Despite the existence of structures of substrate-bound and substrate-free forms of two highly specific members of the family of phosphagen (guanidino) kinases, namely arginine and creatine kinase, the full determination of the structural correlates of substrate specificity within this family of enzymes has remained elusive. Such has prompted the expansion of this research to elucidate the structural correlates of specificity of each phosphagen kinase for its preferred substrate to lombricine kinase (LK), the largest and least specific of these enzymes. The culmination of this work has firmly established a paradigm for substrate specificity in multi-substrate enzyme reactions.
As the least specific of the phosphagen (guanidino) kinases, the study of lombricine kinase complements that of the highly specific arginine and creatine kinases. The primary goal of this research was a more advanced structural understanding of the basis for substrate specificity within this family of enzymes, to elucidate how lombricine kinase catalyzes reactions with a wider variety of substrates, and specifically to test the hypothesis that its activity on this wider variety of substrates is attributable to its ability to accurately pre-align these substrates in a way that arginine and creatine kinases can not.

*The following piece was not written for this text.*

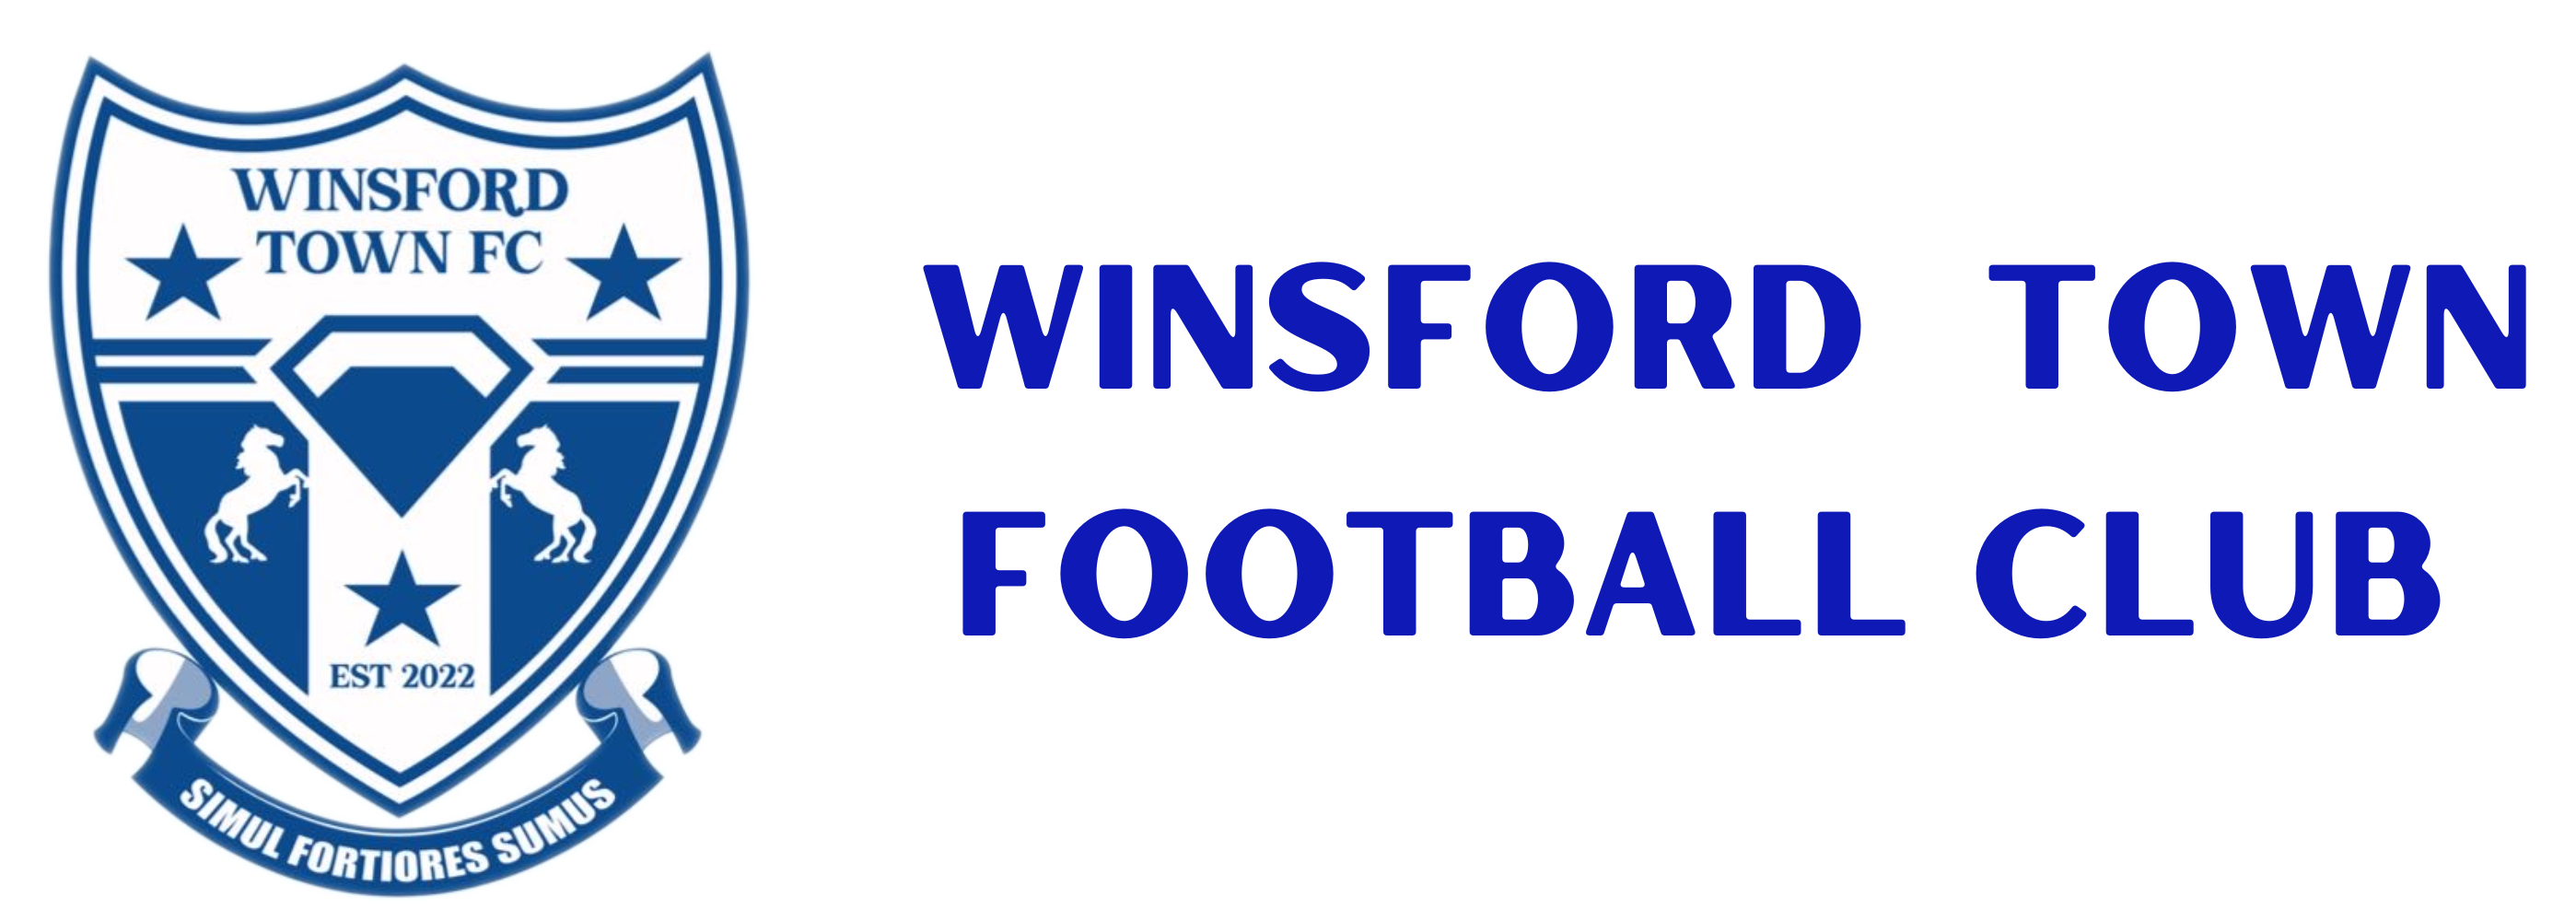 Winsford Town FC

Here we report the largely identical structures of two substrate-free forms of lombricine kinase crystallized at two different pHs and analyze them within the context of their differing space groups, non-crystallographic symmetry, and structural differences upon superimposition with other phosphagen kinase structures. A predicted structural homology model for the closed lombricine kinase transition-state analogue conformation has then been generated from a sequence alignment and quasi-rigid sub-domain motions known to exist in AK, as described by Yousef, 2003. The robustness of the predicted model of the closed LK TSAC structure was supported by CHARMM-based targeted molecular dynamics (TMD) methods, using the open substrate-free lombricine kinase structure as the starting model and the AK TSAC structure as the target. Interpretation of the model along with evidence from multiple sequence alignments, comparisons of substrate structures and structural superimposition of the predicted LK model with the closed arginine kinase transition-state structure indicates that the structural correlates of the lombricine specificity are likely to include regions of sequence that are conserved in both known LKs and physically close to the beta carbon of the substrate-analog arginine in the hybrid model. Lysine 83, that is distinct from AKs and strictly conserved in both known LK sequences, appears to position its side chain nitrogen toward the beta carbon of arginine. Further analysis of this model shows a pair of histidines (H187 and H313) and a pair of cysteines (C58 and C270), one on each side of the substrate, are in the general vicinity and could mediate lombricine specificity through salt bridges that would stabilize the negative charge on the phosphate moiety between the beta and gamma carbons of the substrate lombricine, the only position where lombricine differs from the structure of the substrate arginine (Figure 1). The results show conclusive evidence that Lysine 83 of lombricine kinase is clearly involved in mediating the specificity of LK toward the substrate lombricine.